**What is required:** Once the pictures are set aside, reproduce the remaining data exactly.

**Provided material:**

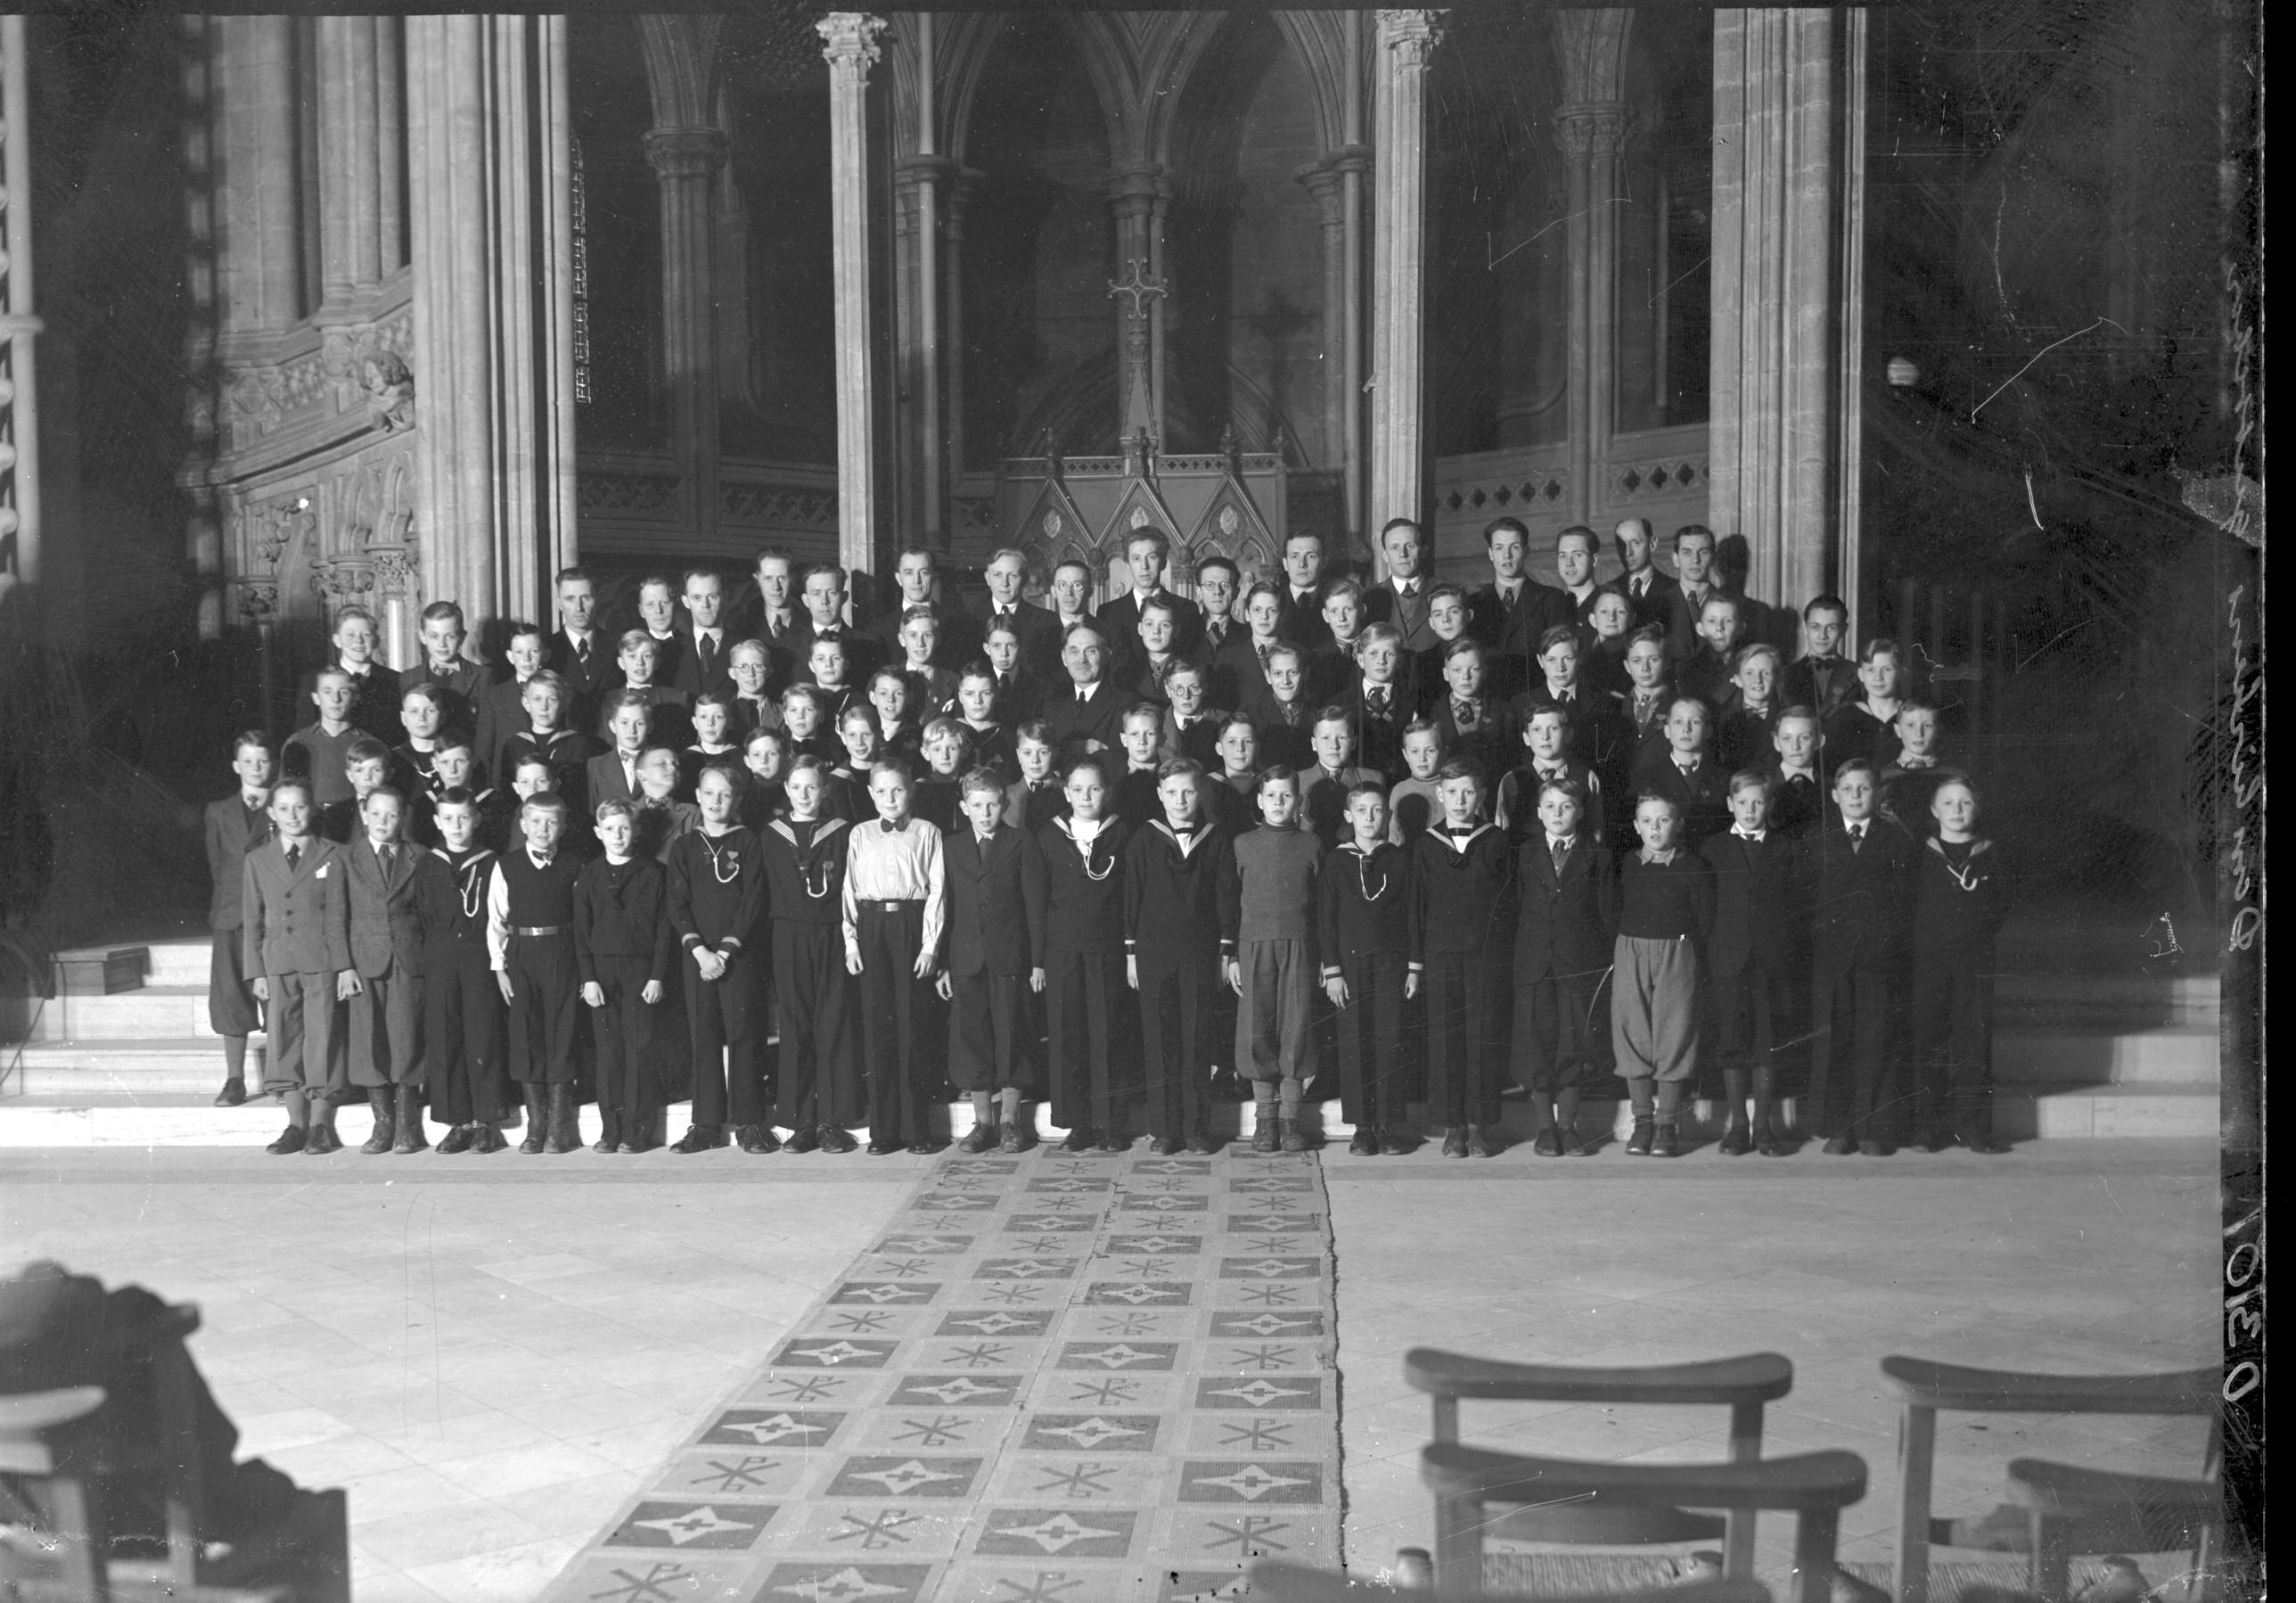 Domkirkens guttekor 1943
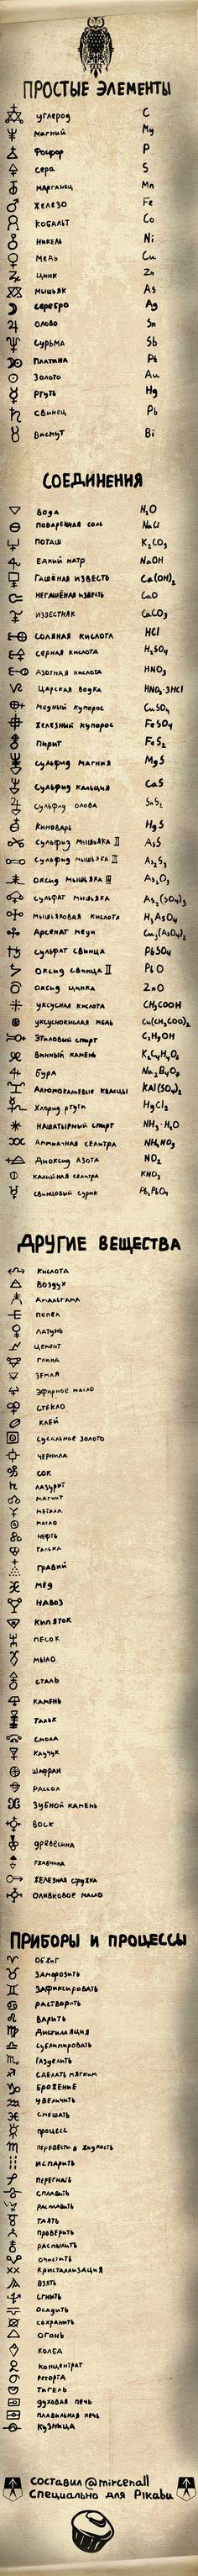 Алхимические символы веществ и процессов химия, алхимия, лига химиков, свиток, элементы, символы, длиннопост
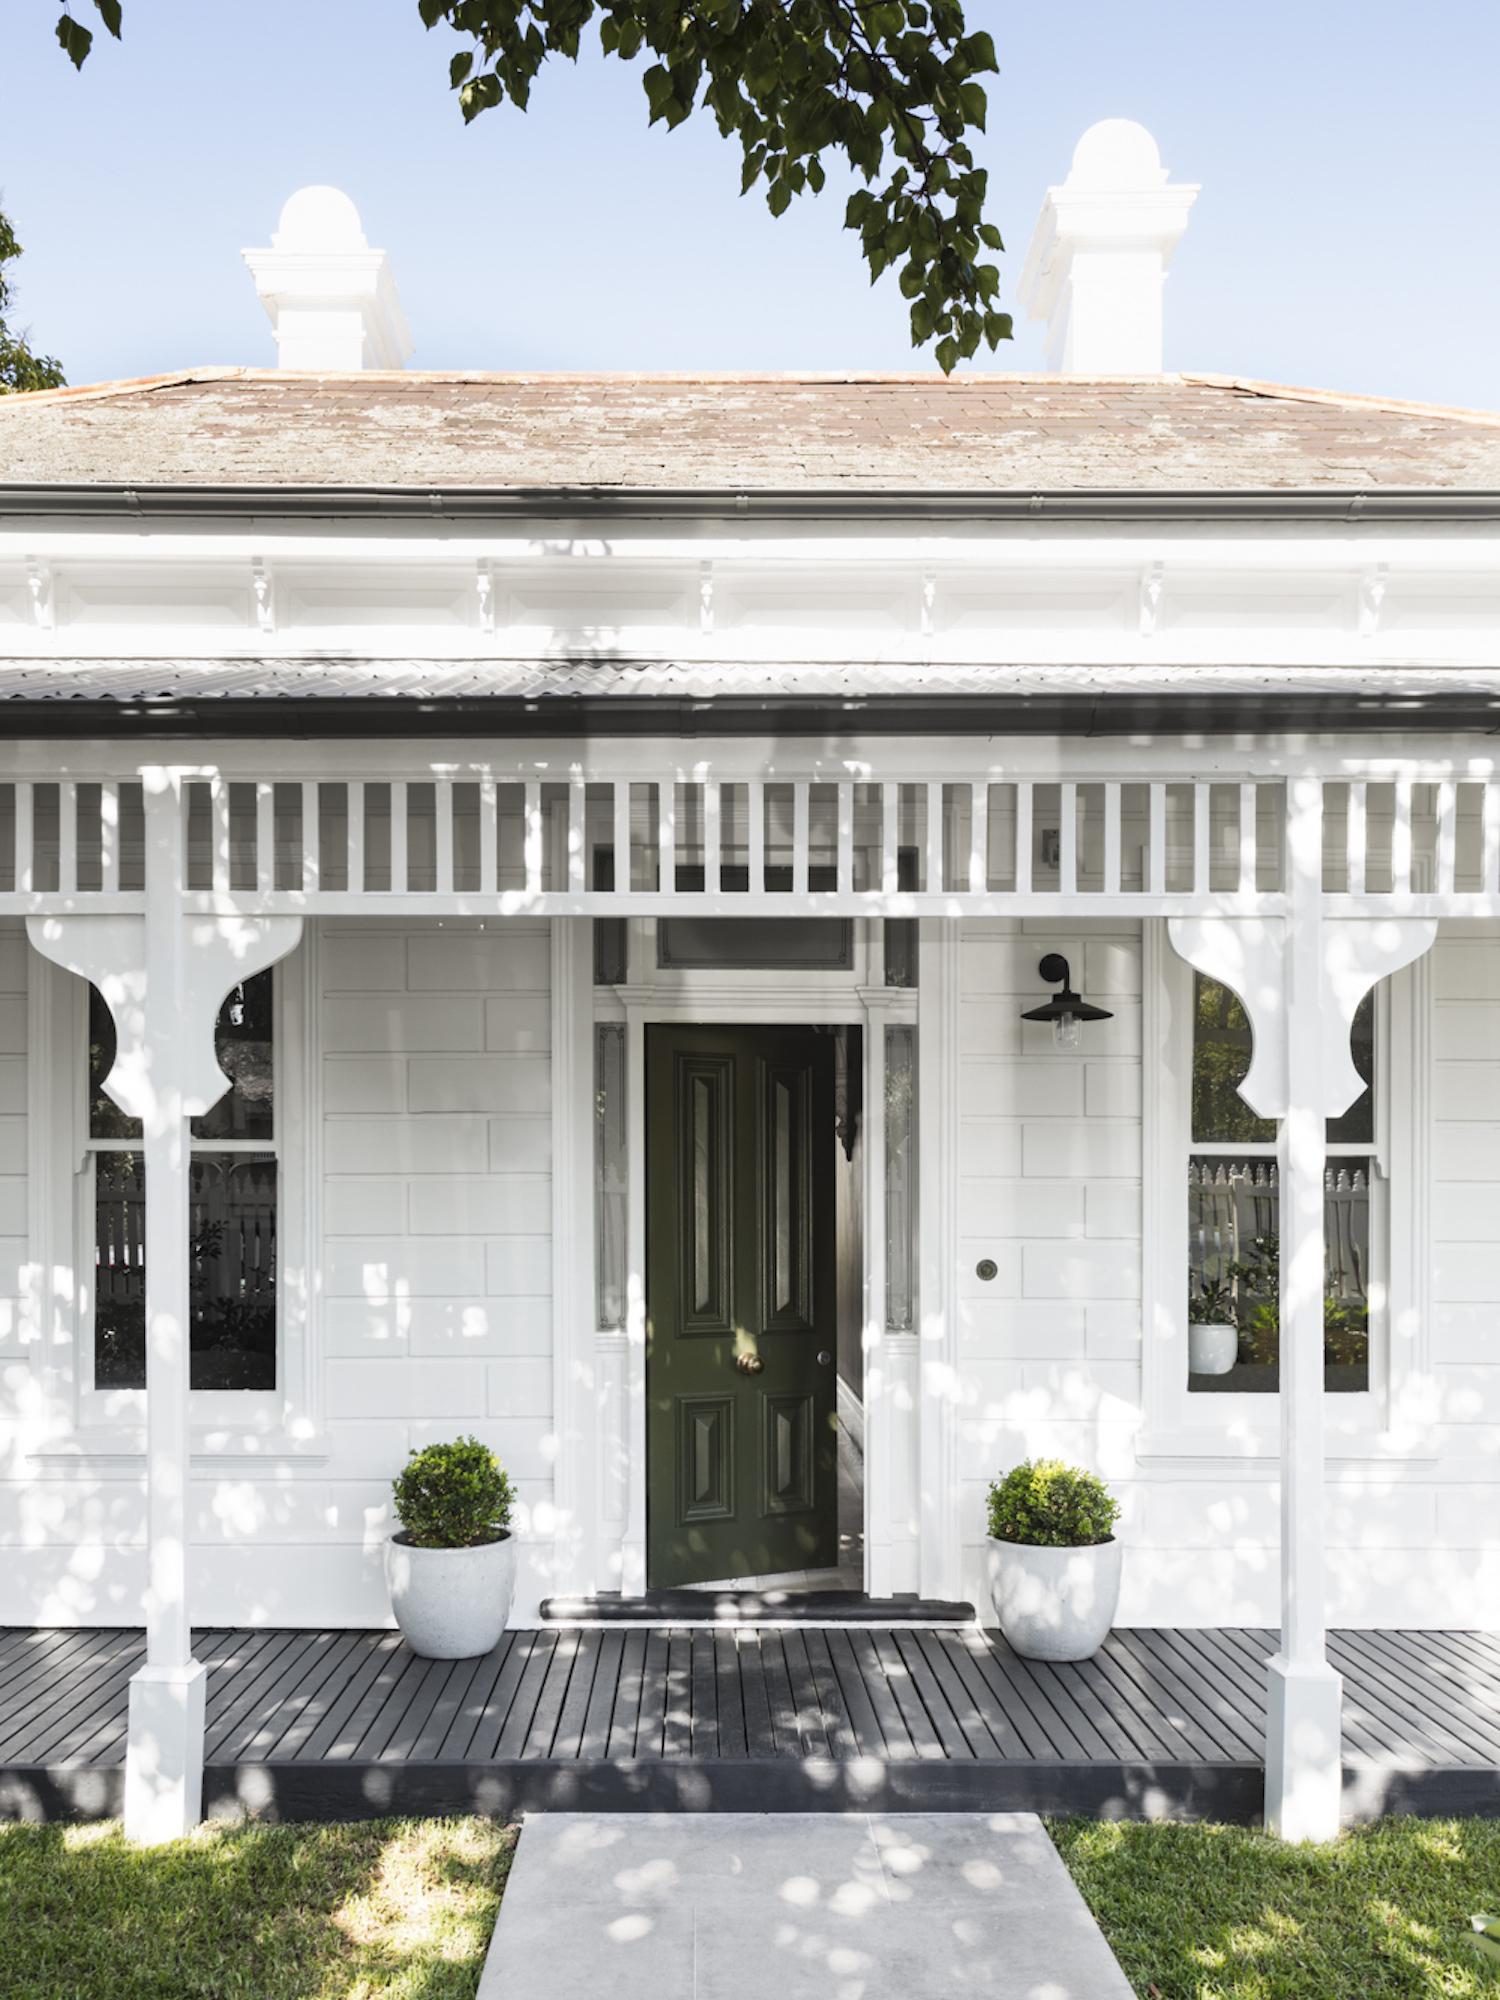 The Family Home of Designer Ali Ross

**Result for this task:**
 Domkirkens guttekor 1943
 Алхимические символы веществ и процессов химия, алхимия, лига химиков, свиток, элементы, символы, длиннопост
 The Family Home of Designer Ali Ross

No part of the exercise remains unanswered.